The Folded Earth

4


The sky over our heads here in the mountains has not the immensity of the sky I grew up with in the Deccan, where it spans the entire planet, broken only by the building-sized boulders that sit here and there on the open flatland of the plateau as if a giant’s child had collected them from the giant’s river and dropped them like marbles on a playing field. In the hills the sky is circumscribed. Its fluid blue is cupped in the palm of a hand whose fingers are the mountains around us. We too are cupped in its palm and while there is a feeling of limitless distance, we have at the same time the sense that here on our hill is where life begins and ends. Here is where sky begins and ends, and if there are other places, they have skies different from our sky.

Our town spans three hills.
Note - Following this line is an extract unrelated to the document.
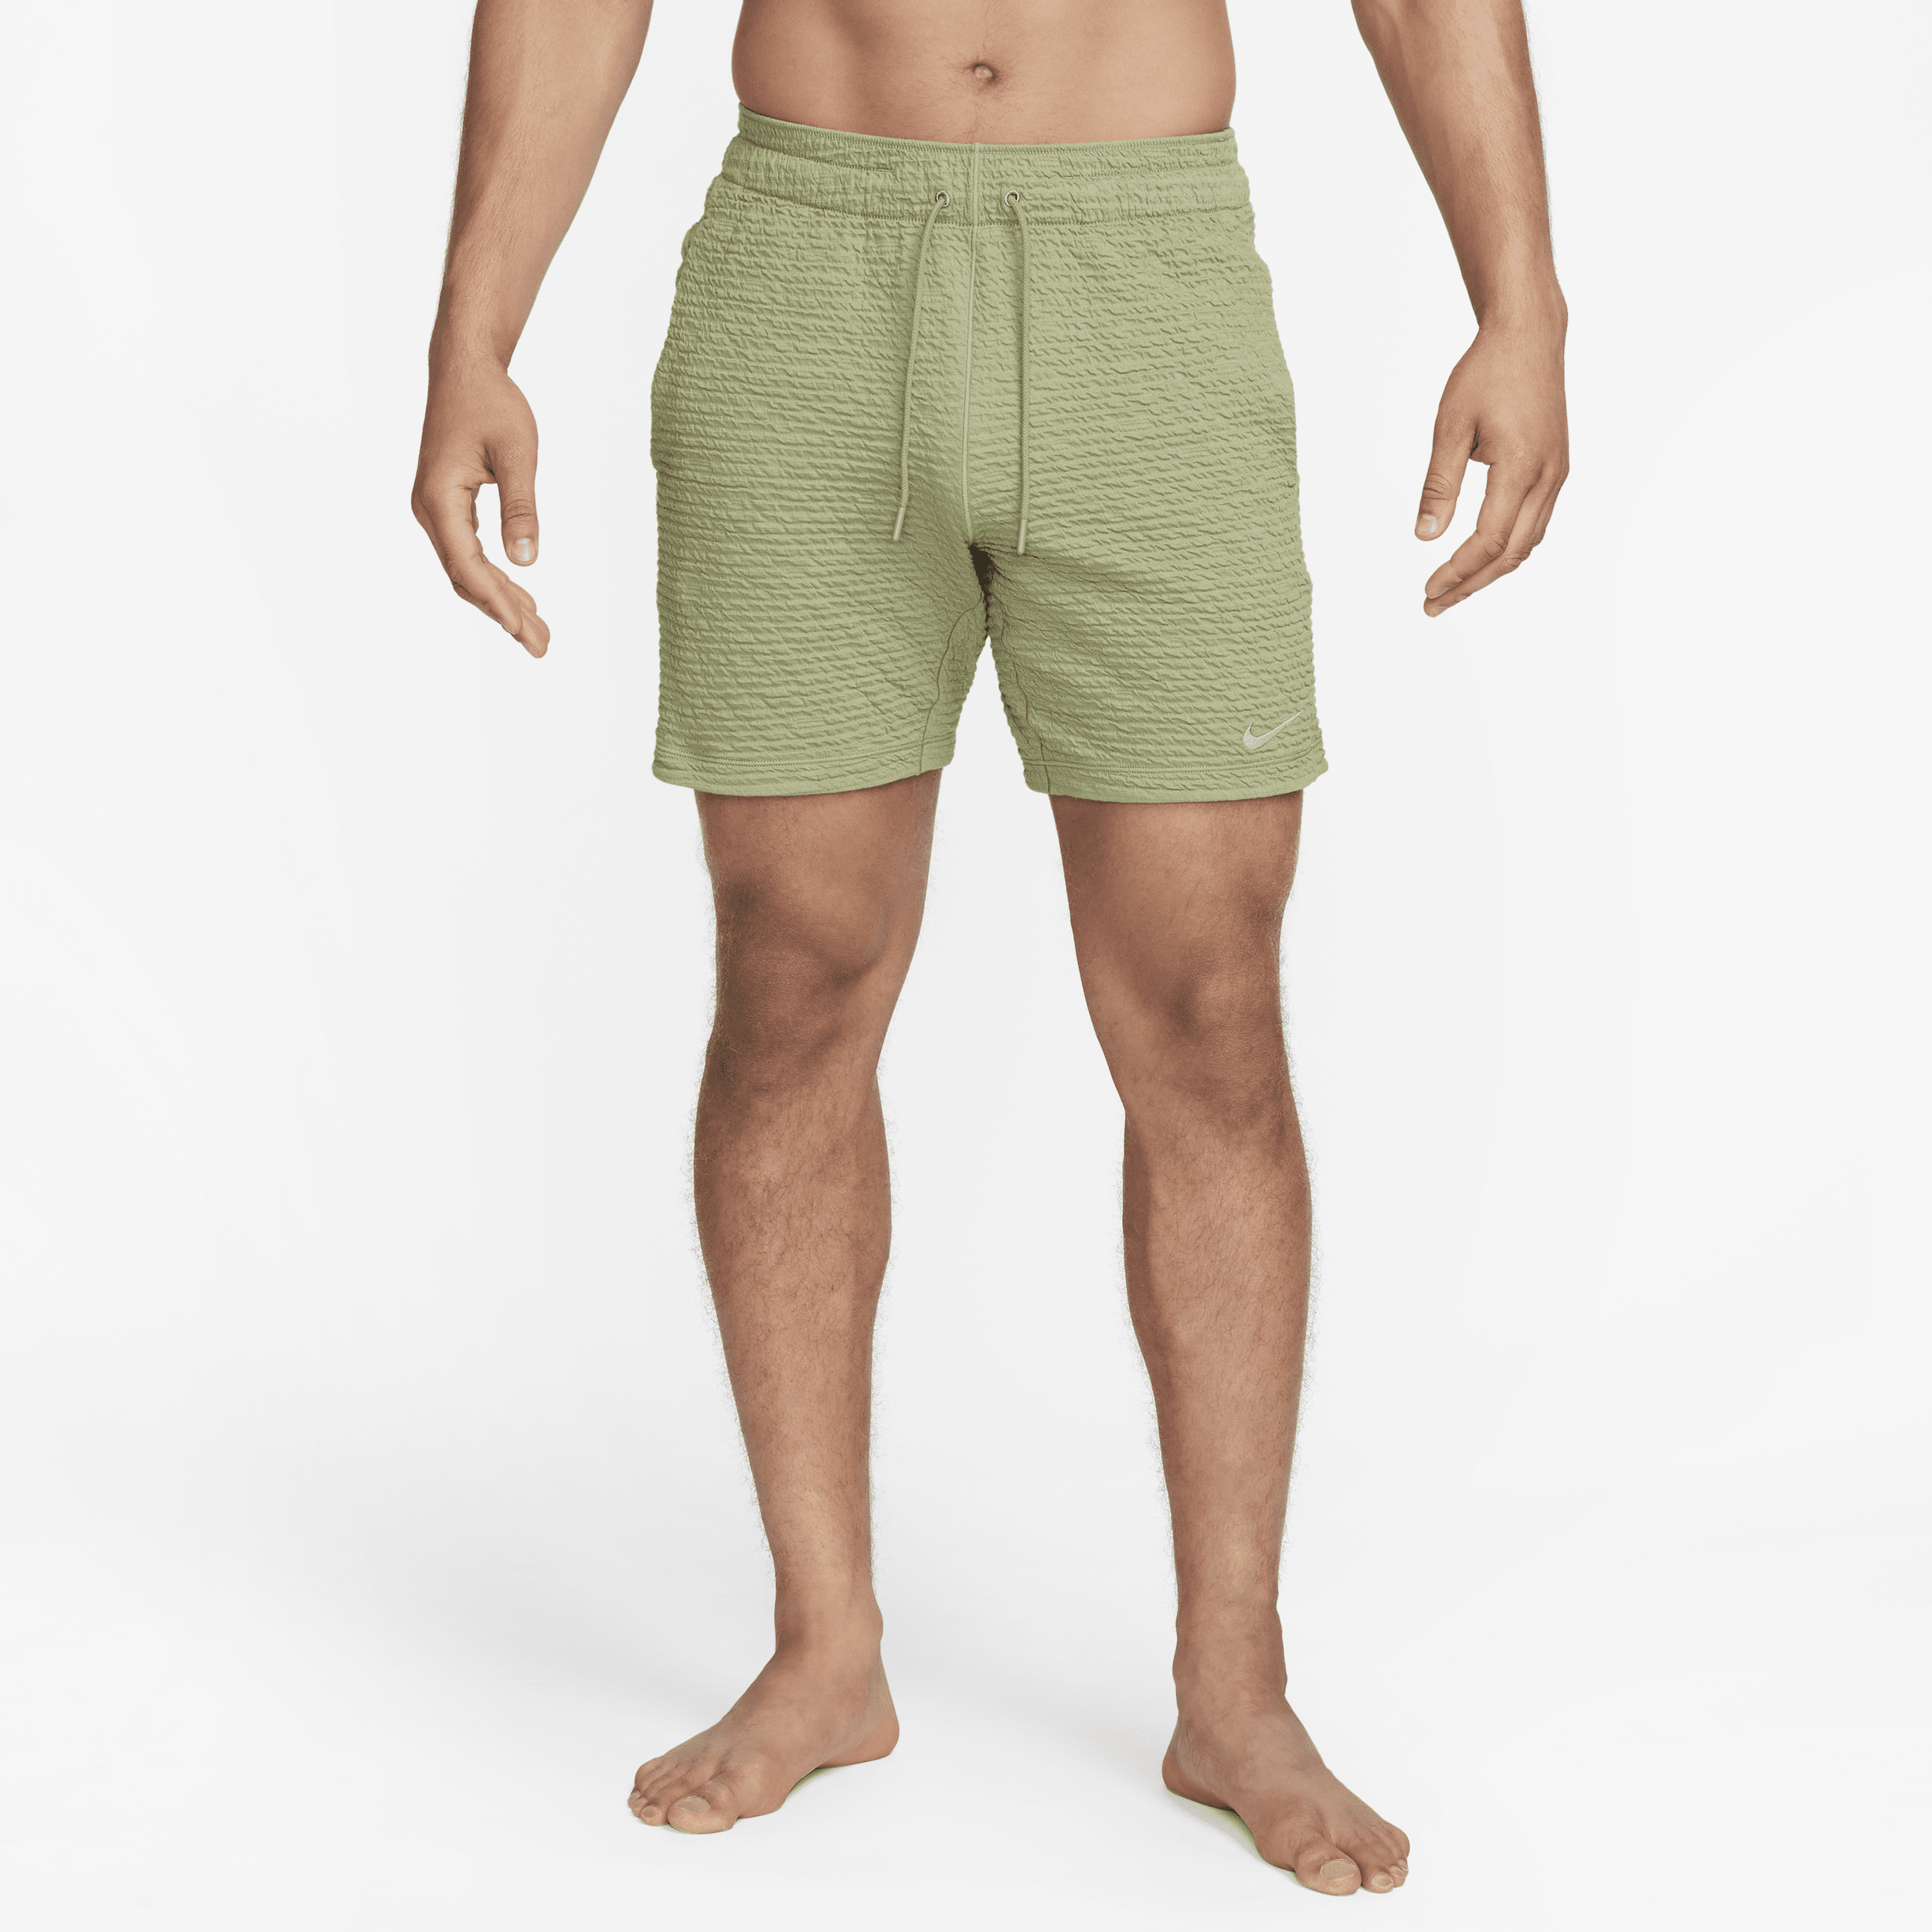 Nike Yoga-Dri-FIT-shorts uden for (18 cm) til mænd - grøn

It is far away from everywhere and very small. If you look at it from the other side of the valley at night, you see darkness dotted here and there with yellow lights half-hidden by trees. On every side there are mountains and forests, stretching many miles, interrupted only by tiny hamlets and villages so small that they might have just five houses and nothing but a foot-beaten path connecting them to the main road miles away. To the north of our town is the high Himalaya: ice-white peaks on the other side of which lie Tibet and China. On clear days, eastward, you can see the five pyramids of the Pancha Chuli, which are at Nepal’s door.

When you come up to our town from the plains, the dust-gloomed, table-flat land begins to slope upward at Kathgodam, folding itself into hillsides, and in less than two hours the trees change from banyan, mango, banana and sal, to pine, oak, cypress and cedar. Everything looks sharper-edged in the clear air, as if your bad eyesight has been inexplicably cured. Ferns fountain from rockfaces, flowers blossom on stone. In fertile areas, the hills are terraced into green and brown circles of wheat fields with squares of white, where the peasants’ slate-roofed cottages are. The dishevelled small towns are soon left behind, and then you pass gushing mountain rivers and barren cliff sides pincushioned with cacti, deep forests and still grey-blue lakes. By the time you are in Ranikhet, you have travelled from the tropics to temperate lands.

This was the town to which I came after I lost Michael. Father Joseph used his network to get me a job at St Hilda’s, a church-run school. I found a cottage to rent, on an estate called the Light House because it was so situated that the mansion on the upper grounds caught the first rays of sun on its eastern windows, and the last of them on its western lawns. My landlord, whom everyone called Diwan Sahib, lived alone in the crumbling mansion. Down the slope there was a set of brick and mud rooms clustered around a beaten earth courtyard and cattle sheds. Charu lived here with her grandmother and an uncle, Puran, who was often called Sanki Puran because he did not seem to have all his wits about him.

My own cottage, close to theirs, had once been stables where herders were housed in a room above the stalls for horses and cows. The cottage now had two whitewashed rooms of stone, one above the other, and a small veranda. The wooden planks of its floors creaked and shifted with age. The kitchen and bathroom, tacked on later, stood at odd angles to one another and to the house. None of the windows or doors fitted well. Icy draughts surged through the gaps in winter, and in the monsoon insects took up residence in the corners of the rooms: slow-moving black scorpions, confused moths that banged into lights, green-eyed spiders whose legs could span dinner plates.

My cottage was at the edge of the spur on which the Light House stood. When I lay in bed, what I saw framed in the window was the Trishul. At its base, invisible at this distance, was the lake where Michael had spent his last hours. Nothing but miles of forests and wave upon wave of blue and green hills between us.